# My boy got his 1st official trim



## gwtwmum2 (Sep 14, 2008)

I broke down and took Wrigley to the groomer to get his face cleaned up (and feet, boy parts, etc.) that way I could see where his lines should be and try to follow them. I think he is such a handsome boy now that I can SEE his face again!


----------



## starkeeper (Jan 27, 2009)

*There is nothing like a freshly groomed poodle!*

I take my dogs to the groomers every third month (with touch ups by me in between).

I can never get the dogs looking as good as the groomers do! (they have better equipment and more experience than me).


----------



## WonderPup (Oct 26, 2008)

And what a pretty face he has  Hope he enjoyed his trip to the spa.


----------



## SECRETO (Aug 20, 2008)

He's really cute. I like his clean shaved face.


----------



## spoofan (Dec 11, 2008)

Oh..he is adorable!!!
How is he behaving?


----------



## gwtwmum2 (Sep 14, 2008)

I believe there is hope for Wrigley yet!  I'm trying to give him more exercise and keep things as far back on the counter as I can. Today, the groomer who will also be our obedience trainer in March, said that she thought he did really well for a puppy. He fought her a little but would definitely give in and become still. She said that she thought he had a good personality.
I just want to make sure I do this right. I know that all the effort he and I put into learning now will pay off as he gets older (and bigger).


----------



## tannerokeefe (Dec 14, 2008)

he is sooo handsome!! how old is he?


----------



## gwtwmum2 (Sep 14, 2008)

Thank you! He is almost 6 months old (will be the end of this month). His sister is Jenny - the adorable white spoo that Sam I am owns.


----------



## kathyd (Nov 8, 2008)

What a handsome little man. His face really is beautiful and he has lovely eyes. Glad to hear that he's behaving better, too. I really think exercise - both physical and mental makes all the difference.

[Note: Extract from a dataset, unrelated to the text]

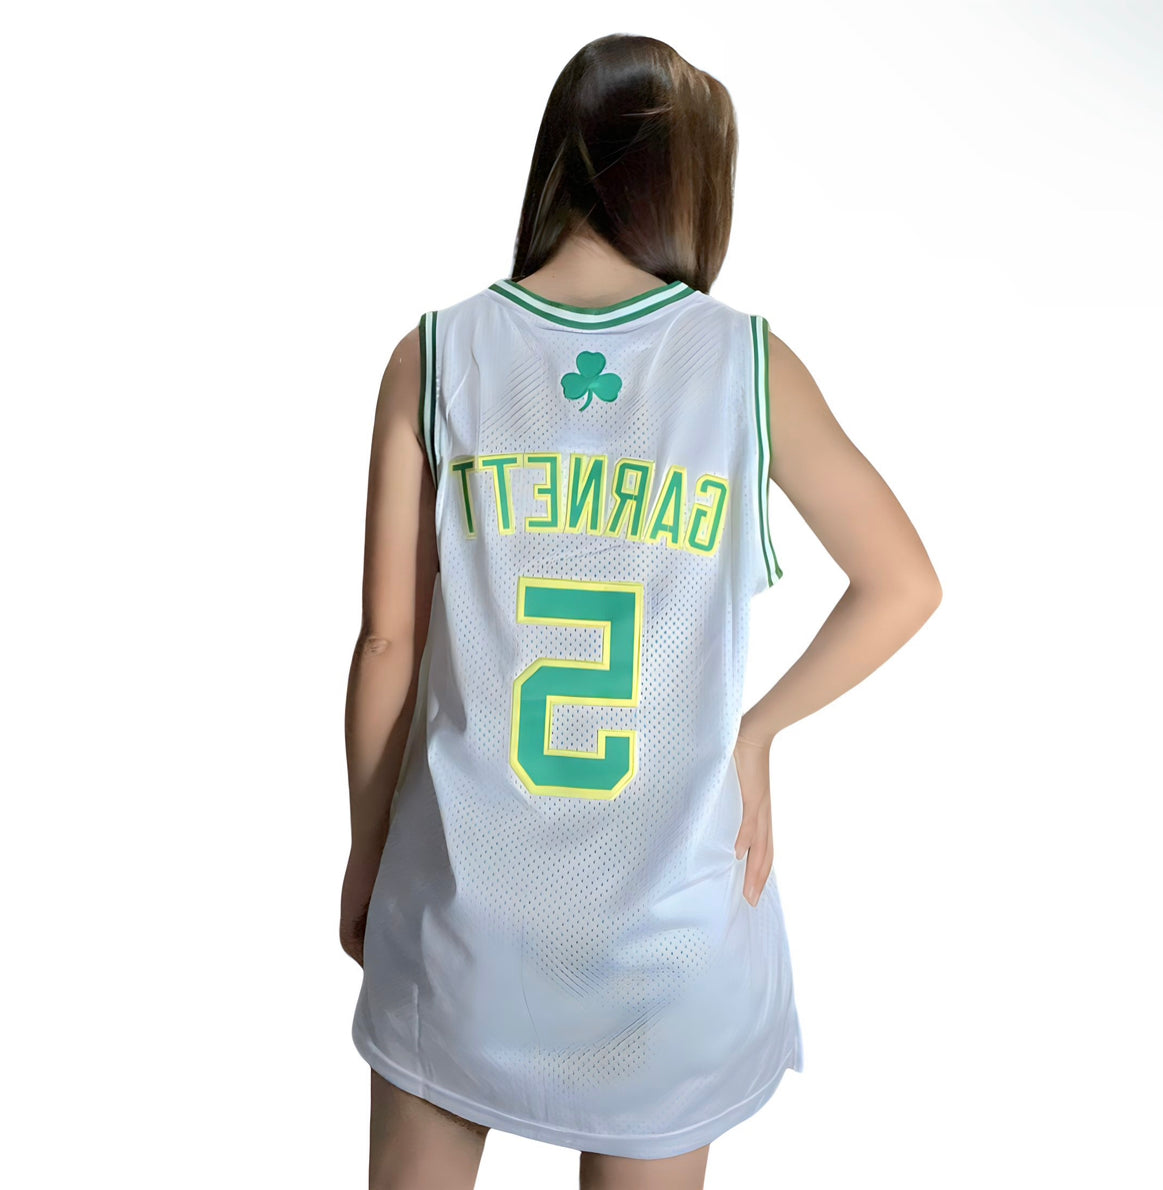 Celtics jersey – Kingz streetwear
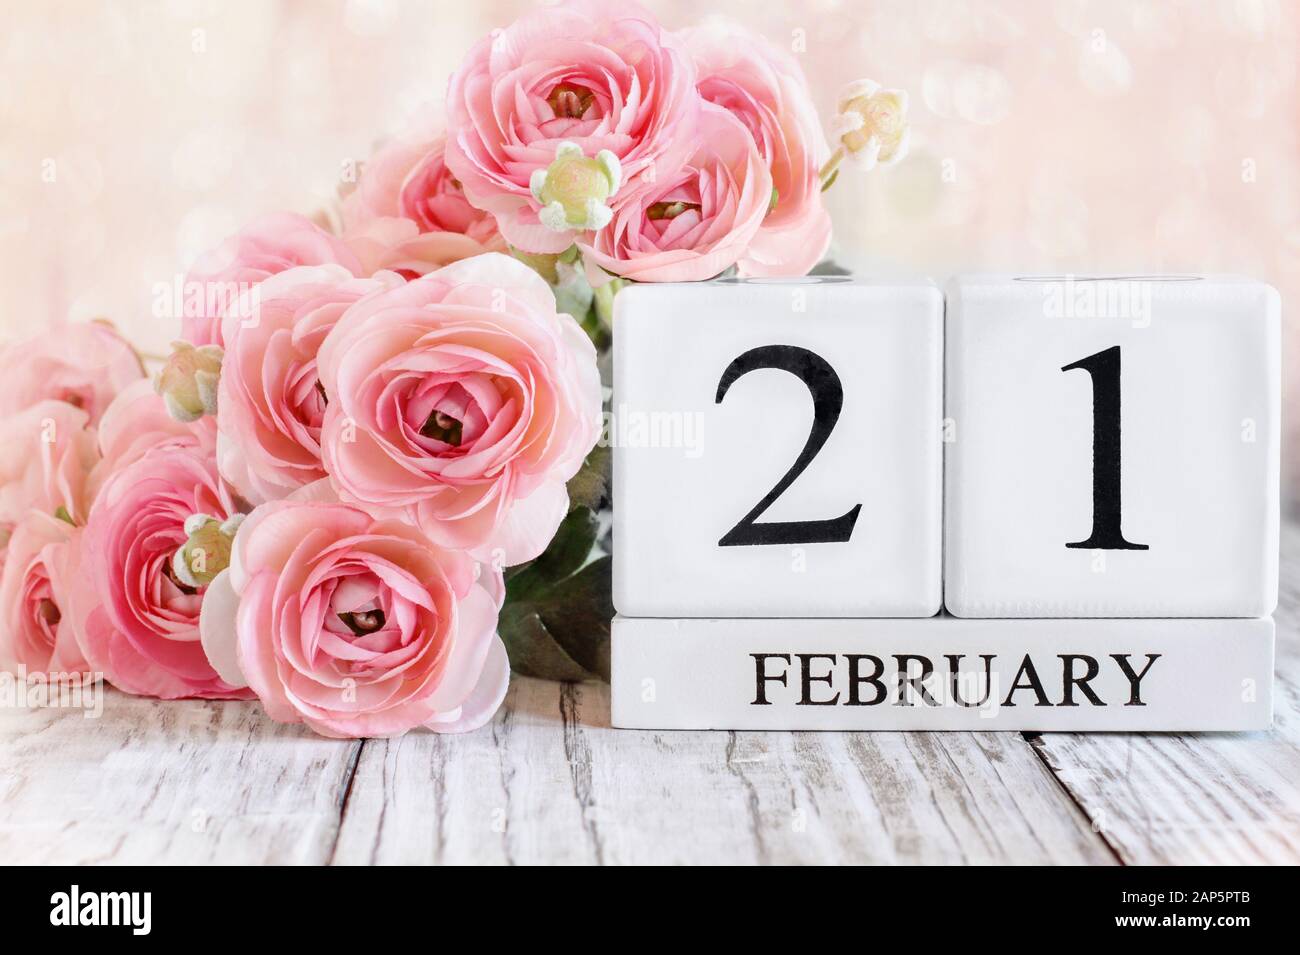 Blocs calendrier en bois blanc avec la date du 21 février et fleurs roses de ranunculus sur une table en bois. Mise au point sélective avec arrière-plan flou. Banque D'Images

You'll probably see a big change when you start obedience.


----------



## IPP (Nov 29, 2008)

Oh we is getting to be such a big boy! His face looks very nice!


----------



## Blue Fox (Oct 22, 2008)

Wrigs looks adorable, what a gorgeous little face


----------



## Pamela (Sep 9, 2008)

gwtwmum2 said:


> I broke down and took Wrigley to the groomer to get his face cleaned up (and feet, boy parts, etc.) that way I could see where his lines should be and try to follow them. I think he is such a handsome boy now that I can SEE his face again!


what a cute boy!!!!


----------



## Sam I Am (Jul 6, 2008)

So handsome!!! Glad to here he is being a good boy


----------



## jester's mom (Nov 25, 2008)

What a handsome boy!! LOL.. he looks like her really enjoys snuggling under the blanket. That is so cute.


----------